- [Goal of the exercise]:
Copy word for word the lines in the records below, starting at the line with "ZHR供热收费系统1.jpg" and ending at the line with "Коврик автомобильный L.Locker". Skip the pictures.

- [Extracted records]:
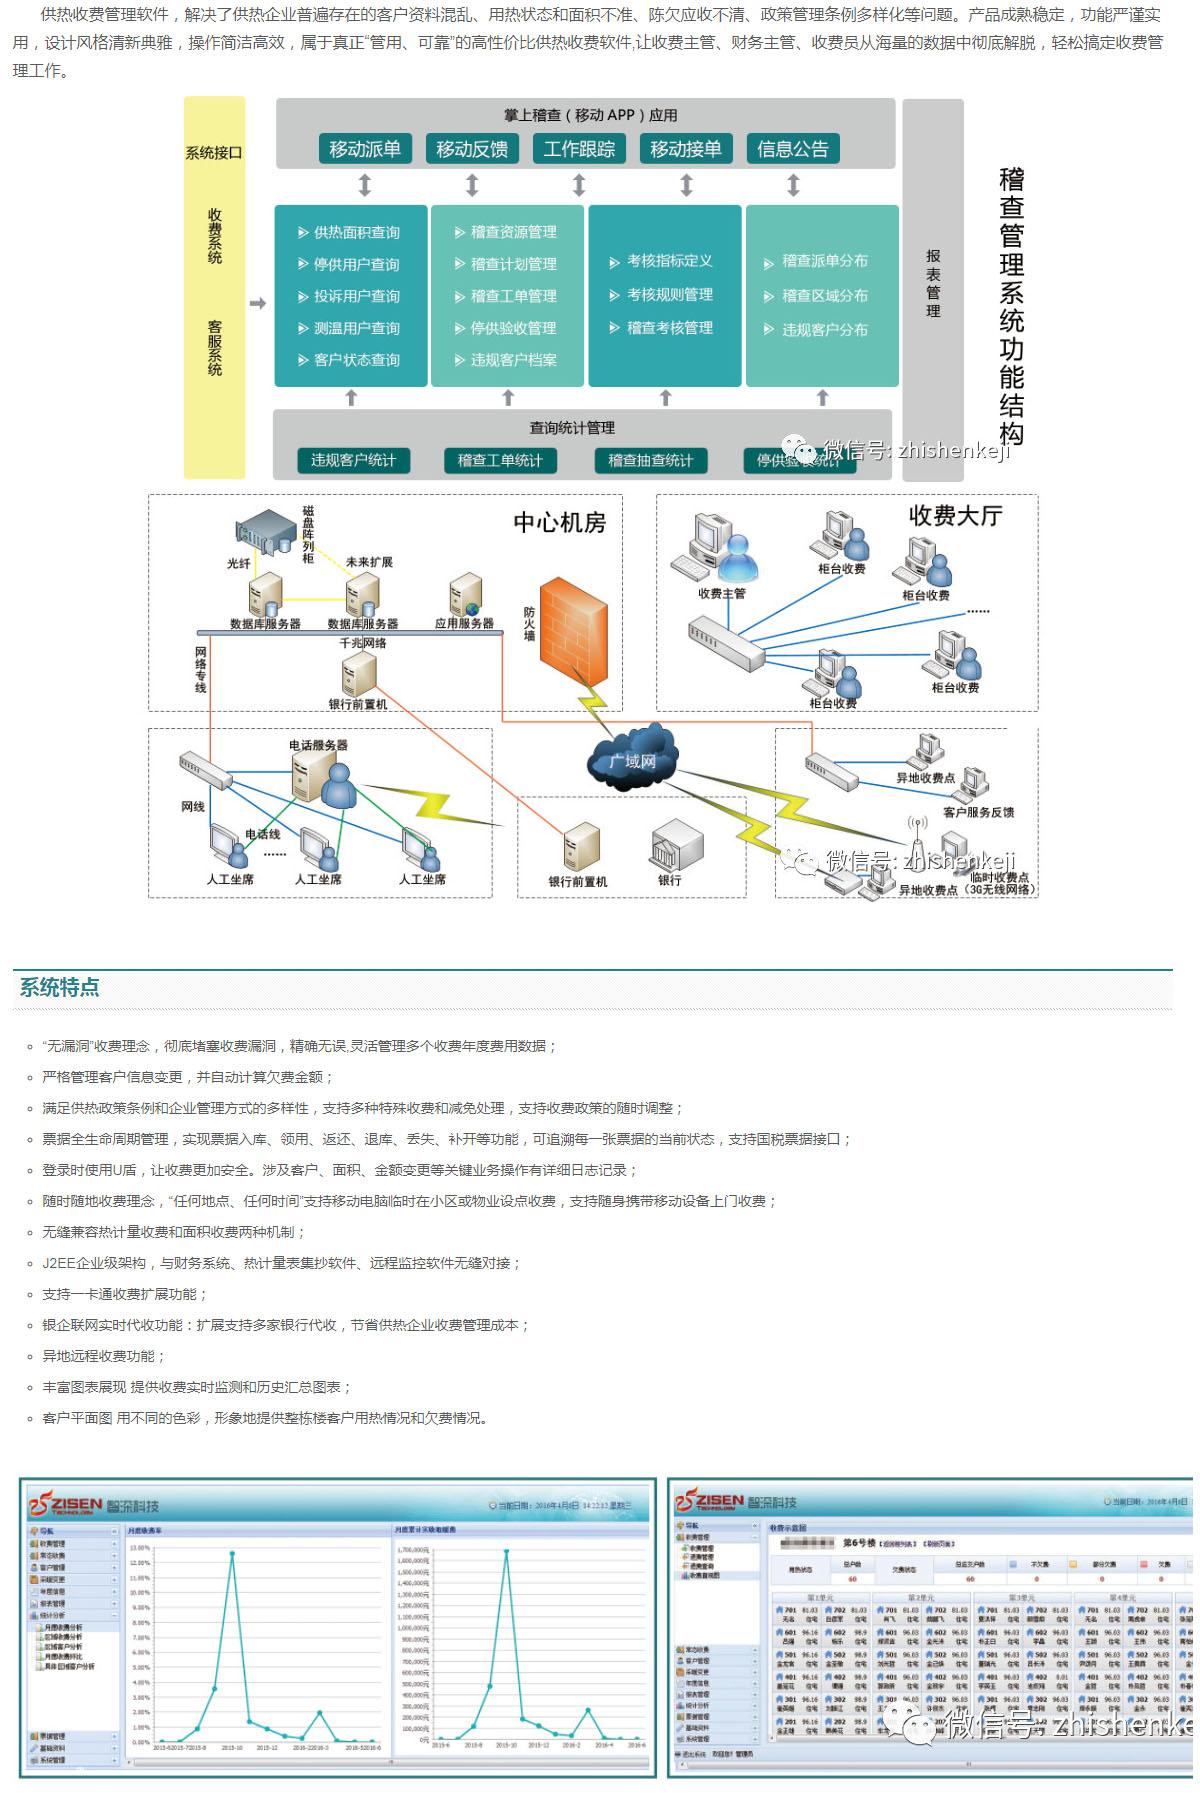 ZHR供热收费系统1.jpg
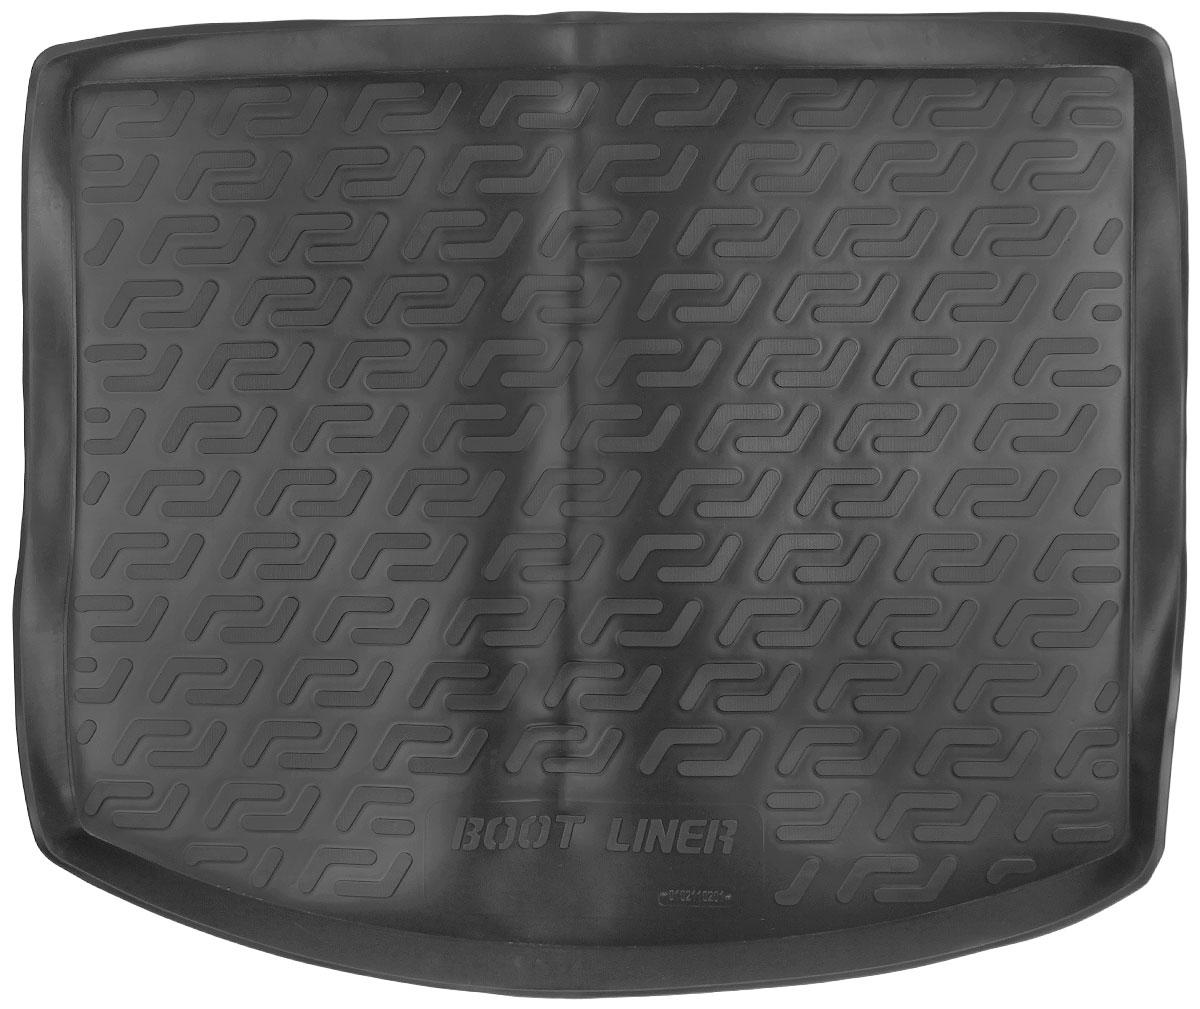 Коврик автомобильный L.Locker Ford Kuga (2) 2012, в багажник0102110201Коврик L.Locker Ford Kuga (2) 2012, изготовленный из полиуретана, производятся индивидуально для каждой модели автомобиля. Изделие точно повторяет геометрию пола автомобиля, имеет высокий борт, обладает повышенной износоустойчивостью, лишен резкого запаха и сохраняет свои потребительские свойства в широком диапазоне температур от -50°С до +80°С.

==

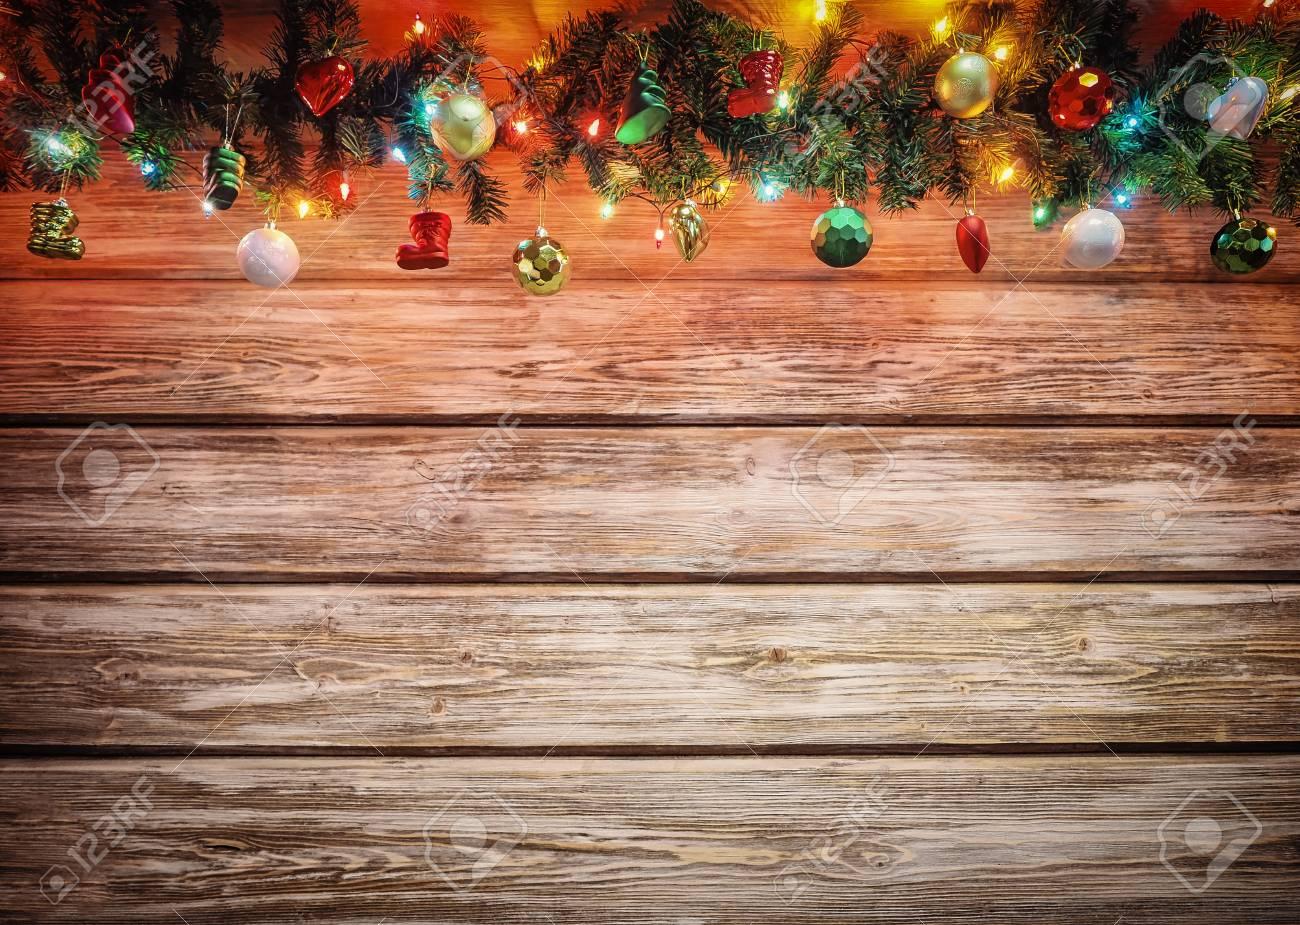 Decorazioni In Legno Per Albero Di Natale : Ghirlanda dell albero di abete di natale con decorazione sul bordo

...

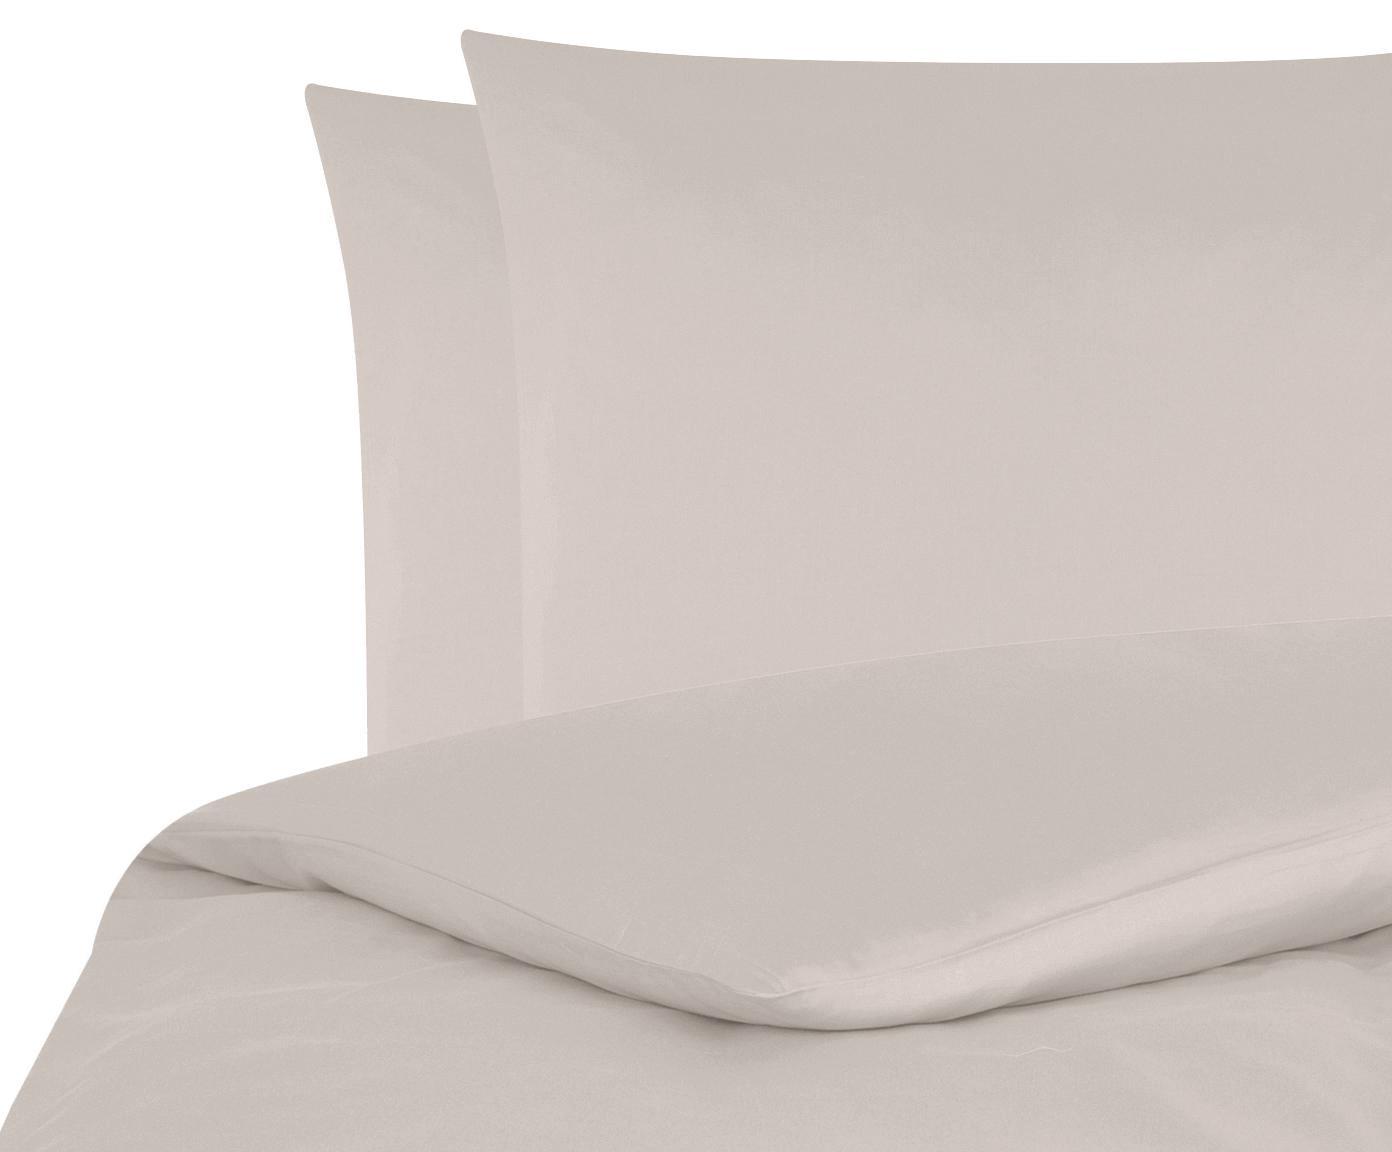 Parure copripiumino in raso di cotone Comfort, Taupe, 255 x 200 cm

- [Response to the exercise]:
 ZHR供热收费系统1.jpg
 Коврик автомобильный L.Locker Ford Kuga (2) 2012, в багажник0102110201Коврик L.Locker Ford Kuga (2) 2012, изготовленный из полиуретана, производятся индивидуально для каждой модели автомобиля. Изделие точно повторяет геометрию пола автомобиля, имеет высокий борт, обладает повышенной износоустойчивостью, лишен резкого запаха и сохраняет свои потребительские свойства в широком диапазоне температур от -50°С до +80°С.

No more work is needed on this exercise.